The applicant shall identify the matters under subsection (a)(2), above, for which an amending plan is sought and submit documentation sufficient to show that the application meets the standards set forth therein.
(c) 
Decision by city administrator.
(1) 
The approval and issuance of an amending plat does not require notice, a public hearing, or approval of other lot owners.
(2) 
The provisions in section 9.03.032 apply to an amending plat.
(3) 
The city administrator, in consultation with the city engineer, shall approve the amending plat, approve the amending plat with conditions, or disapprove the amending plat in accordance with the criteria in subsection (e), below.
(d) 
Appeal.
An applicant may appeal the city administrator's disapproval of the amending plat to the council within 10 days following notification thereof. The appeal shall state with specificity why the amending plat should be approved. The council shall approve the amending plat, approve the amending plat with conditions, or disapprove the amending plat in accordance with the criteria in subsection (e), below.
(e) 
Criteria for approval.
The following criteria shall be used to determine whether the amending plat shall be approved, approved with conditions, or disapproved:
(1) 
For each ground for which the applicant seeks approval for an amending plat, the eligibility requirements stated in subsection (a)(2), above, have been met; and
(2) 
The plat otherwise meets the requirements of division 4 of this article.
(f) 
Effect and recordation.
Upon approval, an amending plat shall be recorded and is controlling over the previously recorded plat without vacation of that plat. The procedures for recordation of an amending plat shall be the same as the procedures for recordation of a final plat.
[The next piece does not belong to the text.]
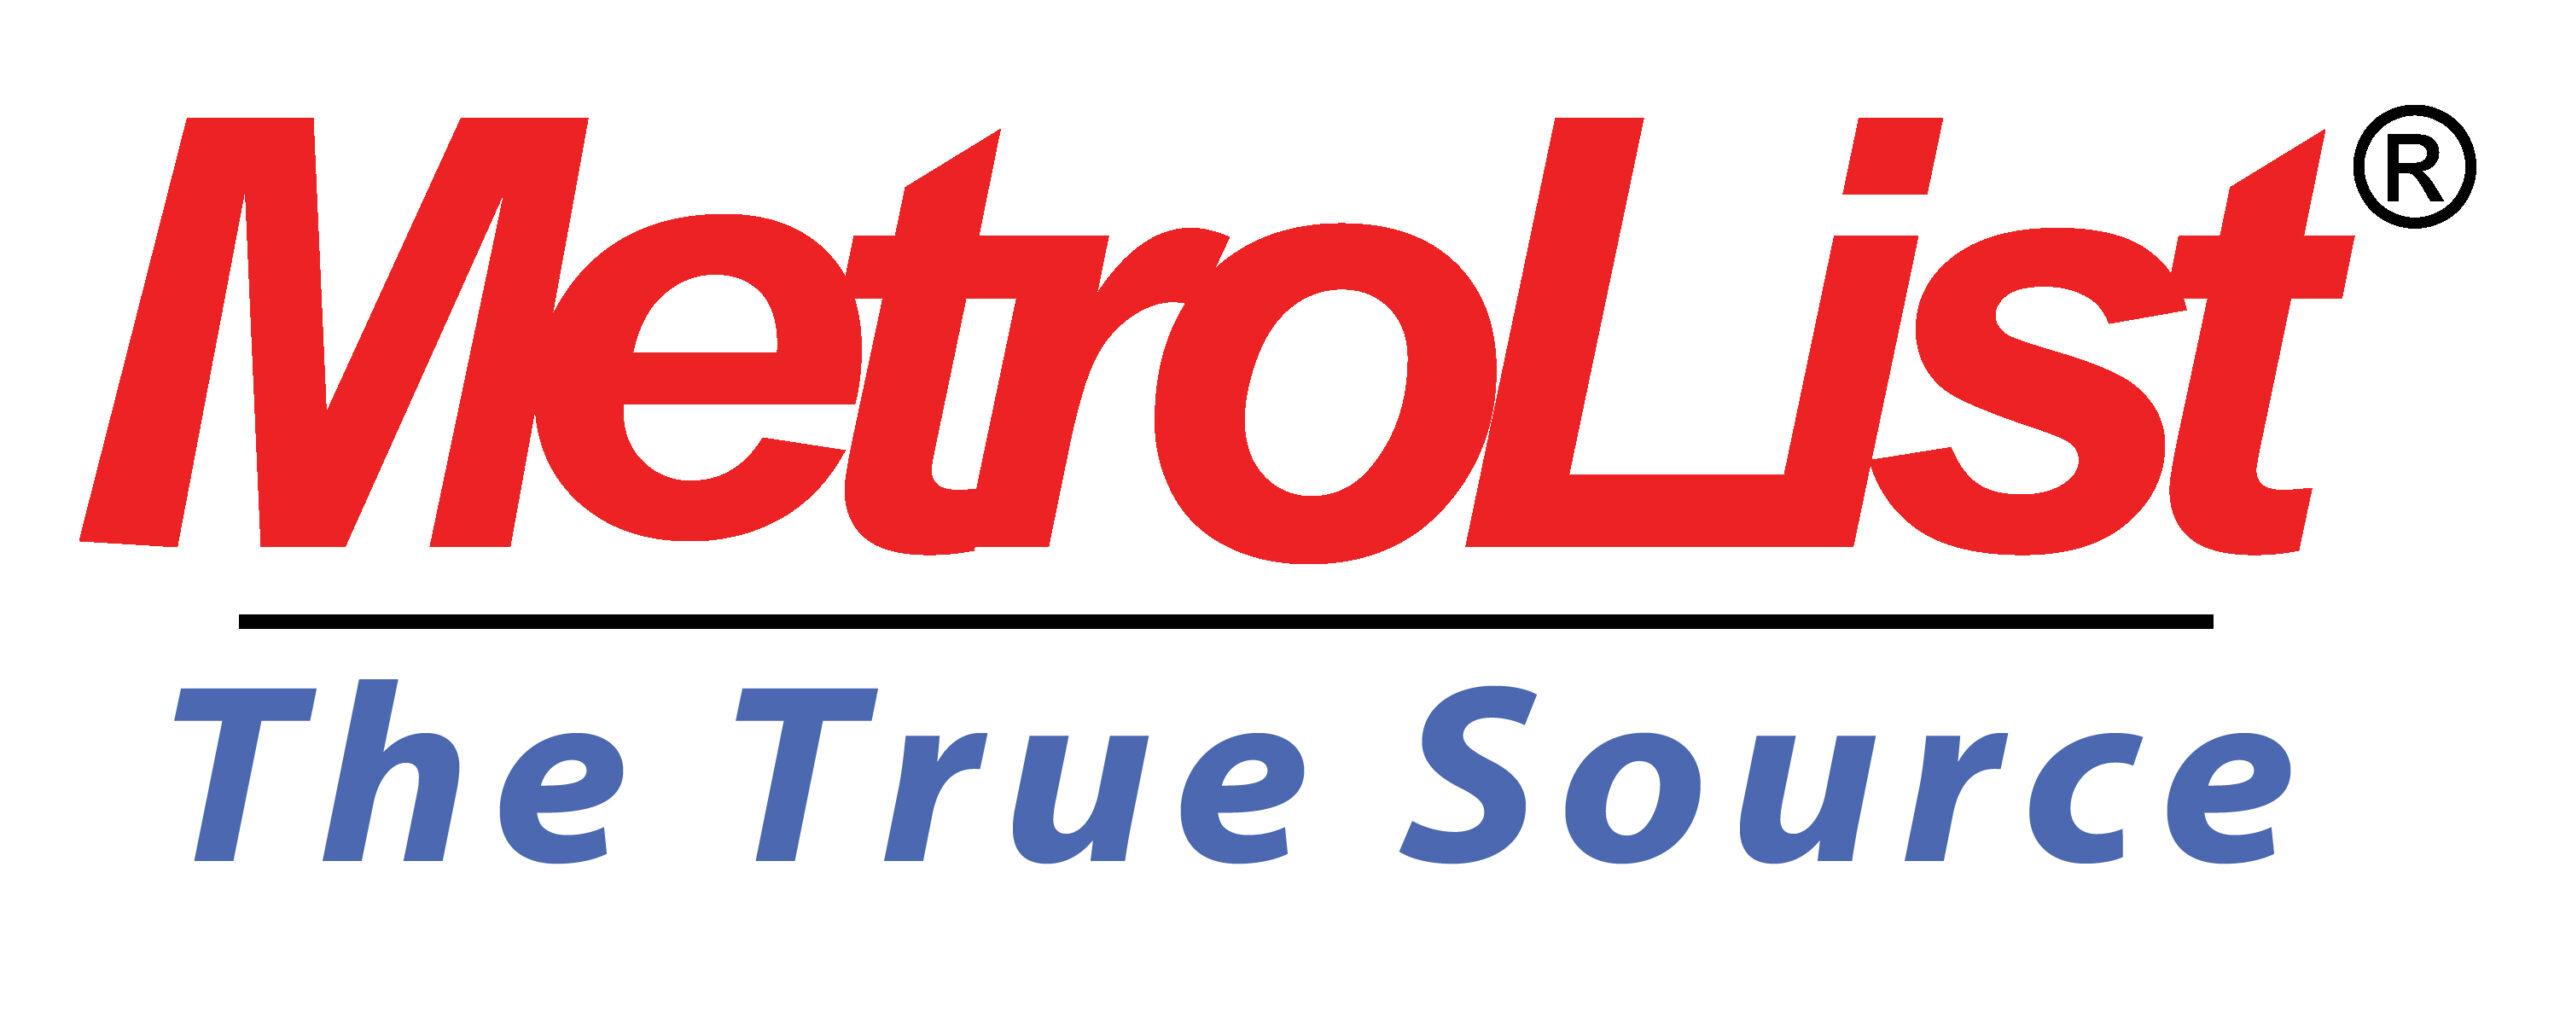 metrolist_TRUE SOURCE color - jpg

(Ordinance 2023-1127-01, sec. 10-37, adopted 11/27/2023)
(a) 
The city council may authorize major waivers from these subdivision regulations upon a request by an applicant. The administrator or commission, as applicable, may authorize minor waivers in accordance with the following:
(1) 
Request for waiver.
Prior to any application for plat or subdivision plan approval, an applicant who seeks a major waiver, as specified below, to the standards in these regulations shall submit the request for the waiver(s) to the city administrator for consideration by the city council. The request shall be accompanied by a detailed statement of the reasons for the waiver and addressing the criteria for approval of the request, together with a schematic showing the plat or subdivision plan with and without the waiver. No application for plat or subdivision approval shall be accepted for filing until the council has acted upon the waiver request. Any waiver request that is based upon the alleged disproportionate costs of dedicating land, construction, or payment of fees for a public infrastructure will be classified as an appeal of a rough proportionality determination and processed under section 9.03.069 [9.03.070]. Determinations on requests for waivers will be handled in the following manner:
(A) 
Minor waivers.
Requests for waivers that will be considered minor amendments to the subdivision regulations may only include minor adjustments in street or alley alignments, and lengths, and minor adjustments to lot lines that do not result in creation of additional lots or any nonconforming lots, provided that such amendments are consistent with applicable approved prior plats and subdivision plans. Minor waivers may be approved by the city administrator. Denial of the waiver by the city administrator may be appealed to the city council. If a minor waiver is requested in an application for a replat, the minor waiver shall be considered for approval by the council following the procedures in subsection 9.03.066(b) [9.03.067(b)], above.
(B) 
Major waivers.
All other proposed changes that do not meet the criteria to be a minor waiver to the subdivision regulations shall be deemed major amendments that require approval of the major waiver by city council. If a major waiver is requested in an application for a replat, the public hearing and notice procedures in subsection 9.03.066(b) [9.03.067(b)], above, shall apply to approval of the major waiver.
(b) 
Criteria for approval of waiver.
(1) 
In deciding a major waiver request, the council shall consider the hardship of the applicant in complying with the standards for which the waiver is sought, the nature of the proposed use of land involved and existing uses of the land in the vicinity, and the probable effect of such waivers upon traffic conditions and upon the public health, safety, convenience, and welfare in the vicinity. No major waiver will be granted unless council finds that:
(A) 
There are special circumstances or conditions affecting the land to be platted such that the strict application of the provisions of these subdivision regulations would result in unnecessary hardship to the applicant and/or the waiver accomplishes one of the following:
(i) 
To preserve environmental features that would be otherwise be affected by a strict application of these regulations, including tree preservation, geologic formations, steep slopes, springs, or similar conditions;
(ii) 
To enable more efficient use of the land;
(iii) 
To minimize or correct previous adverse effects from placement of drainage courses, transmission lines, or septic systems; or
(iv) 
To enable orientation of lots for greater solar advantage; and
(B) 
The granting of the waiver will not be detrimental to the public health, safety, general welfare, or injurious to surrounding properties; and
(C) 
The granting of the waiver will not have the effect of preventing the orderly subdivision of other land in the area in accordance with these subdivision regulations.
(2) 
The city administrator or the council may grant a minor waiver utilizing the criteria in subsection (1)(A), above.
(3) 
No waiver may be granted that would constitute a violation of a city ordinance.
(c) 
Decision and effect.
The council or the city administrator, as the case may be, shall provide the applicant with its written decision on the waiver request. Where the council grants a major waiver, the applicant is authorized to submit an application for plat or subdivision plan approval that incorporates the major waiver(s), which shall not be altered by the city administrator or the commission, as the case may be, nor shall an approved waiver be the basis for a denial of the application.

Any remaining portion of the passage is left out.